### Material provided
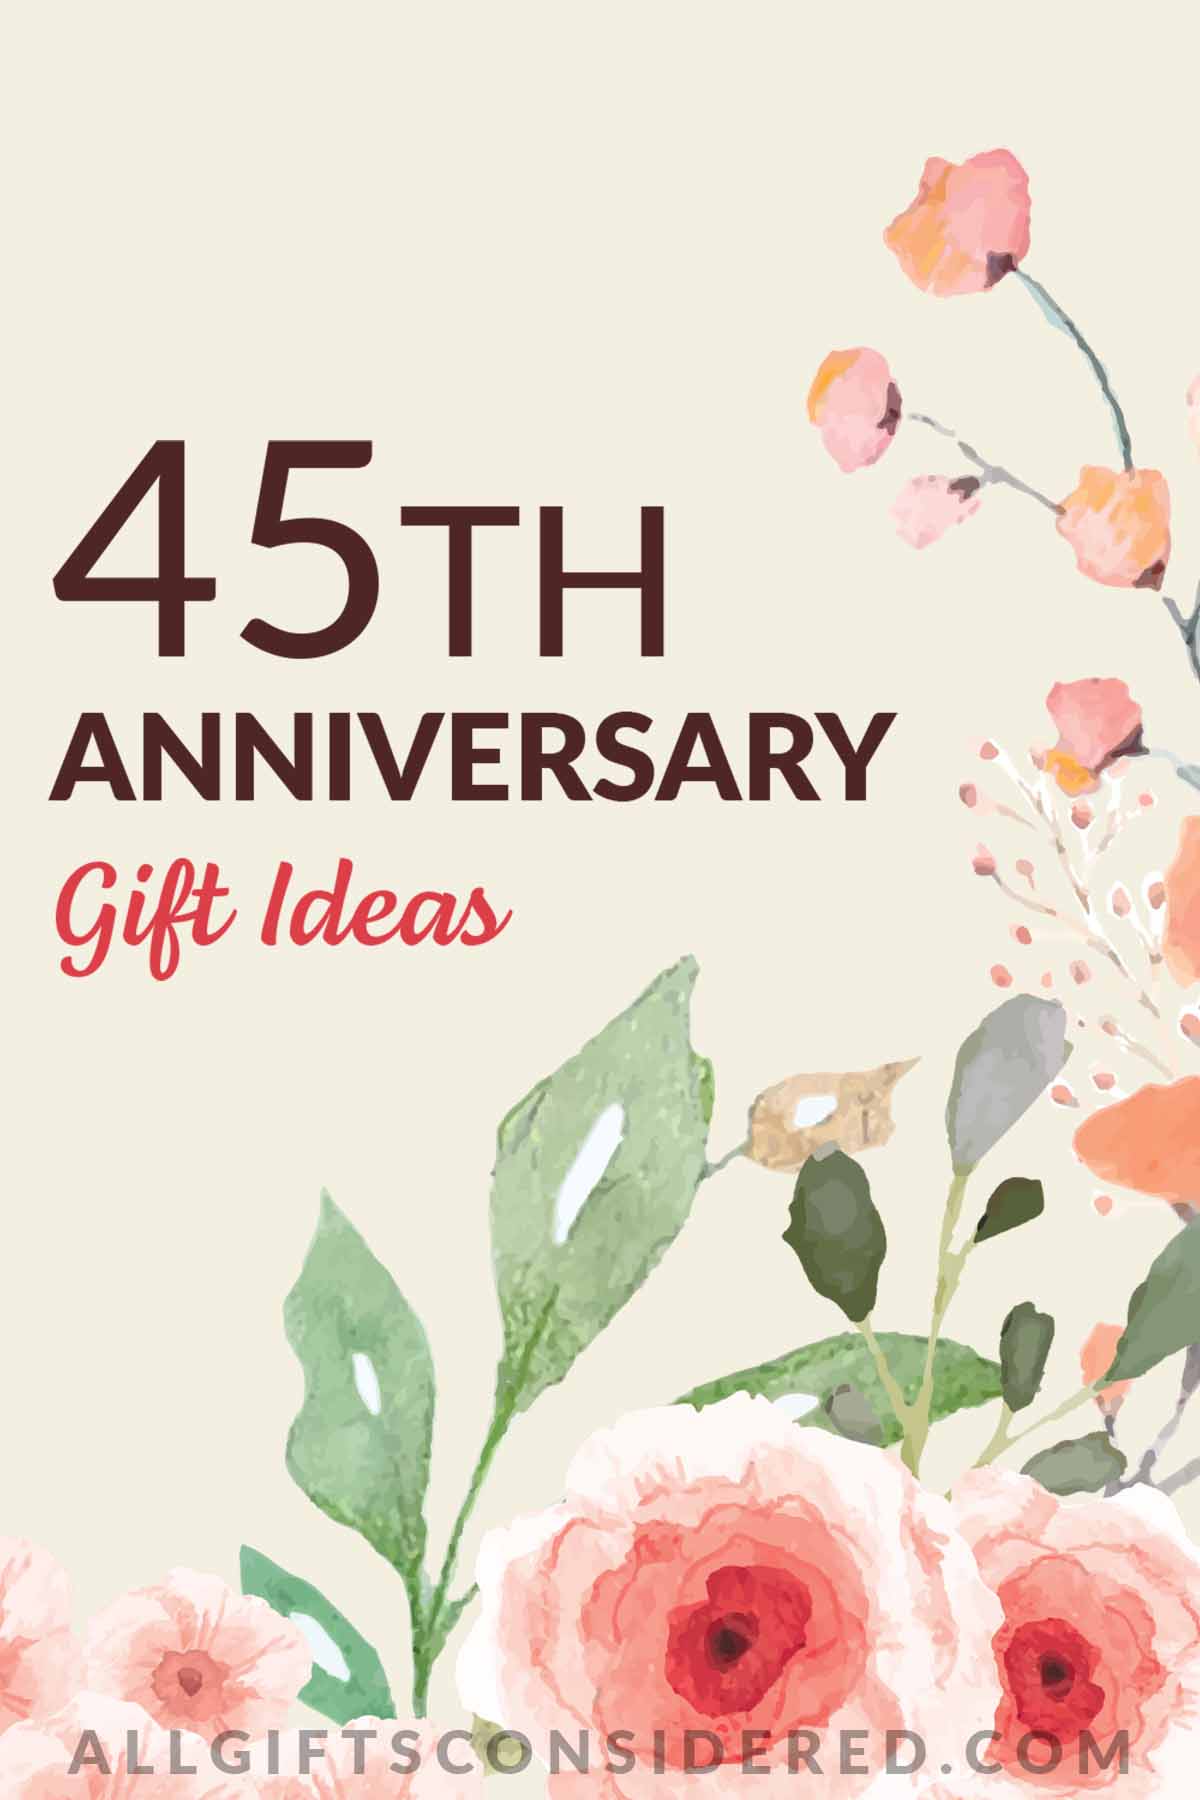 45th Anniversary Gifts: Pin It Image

==

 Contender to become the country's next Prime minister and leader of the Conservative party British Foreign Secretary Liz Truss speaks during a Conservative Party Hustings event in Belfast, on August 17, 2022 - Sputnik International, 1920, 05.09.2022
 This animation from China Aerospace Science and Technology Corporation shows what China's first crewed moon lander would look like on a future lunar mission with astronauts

--

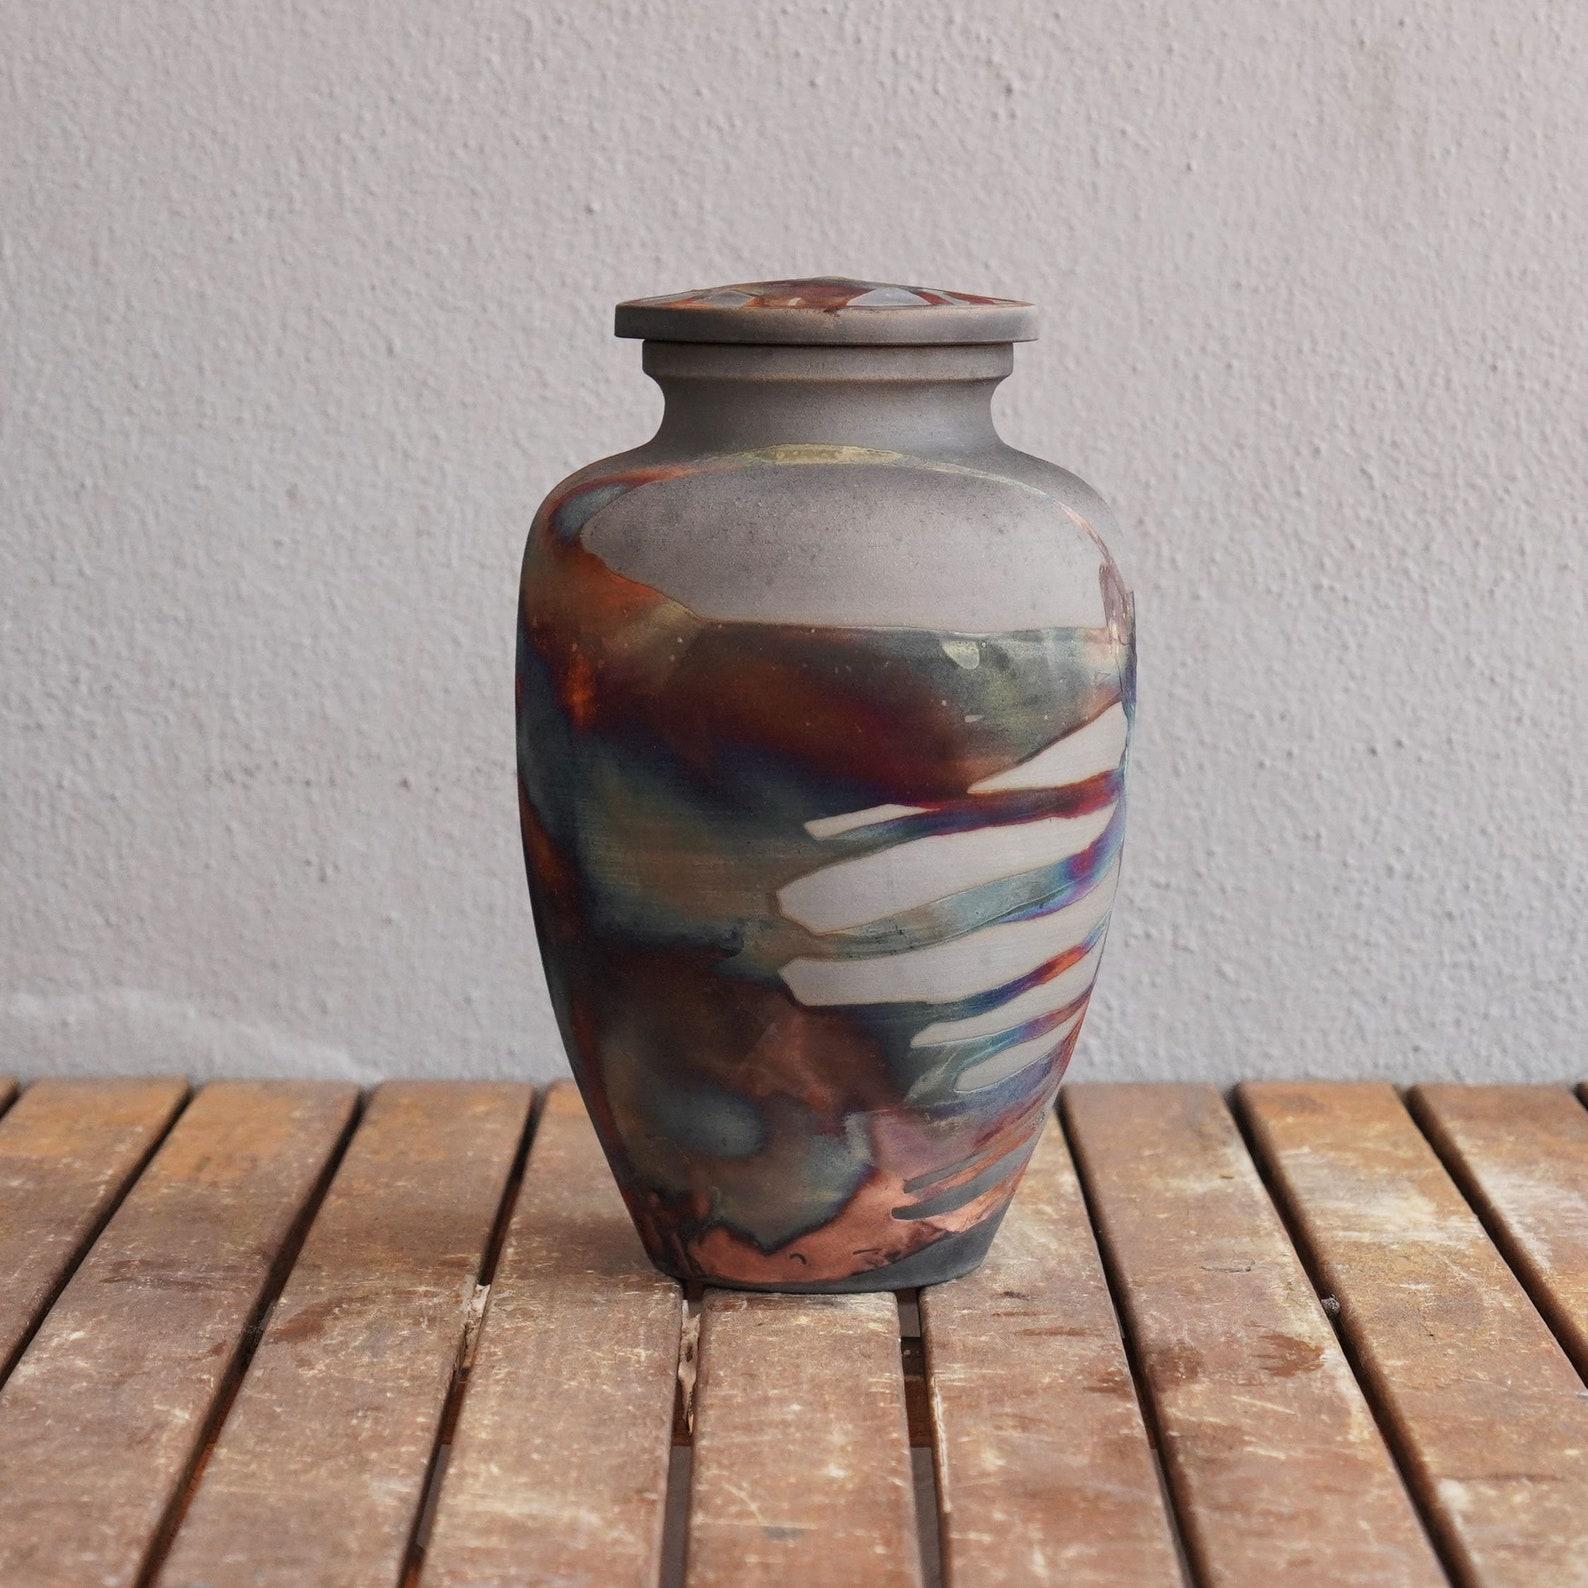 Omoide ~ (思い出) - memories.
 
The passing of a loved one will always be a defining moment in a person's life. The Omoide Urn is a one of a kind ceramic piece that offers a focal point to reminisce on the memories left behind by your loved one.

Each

### Work instructions
The reply should consist solely of the lines above from the one that has "Contender to become" through the one that has "This animation from", reproduced exactly.

### Reply to the task
 Contender to become the country's next Prime minister and leader of the Conservative party British Foreign Secretary Liz Truss speaks during a Conservative Party Hustings event in Belfast, on August 17, 2022 - Sputnik International, 1920, 05.09.2022
 This animation from China Aerospace Science and Technology Corporation shows what China's first crewed moon lander would look like on a future lunar mission with astronauts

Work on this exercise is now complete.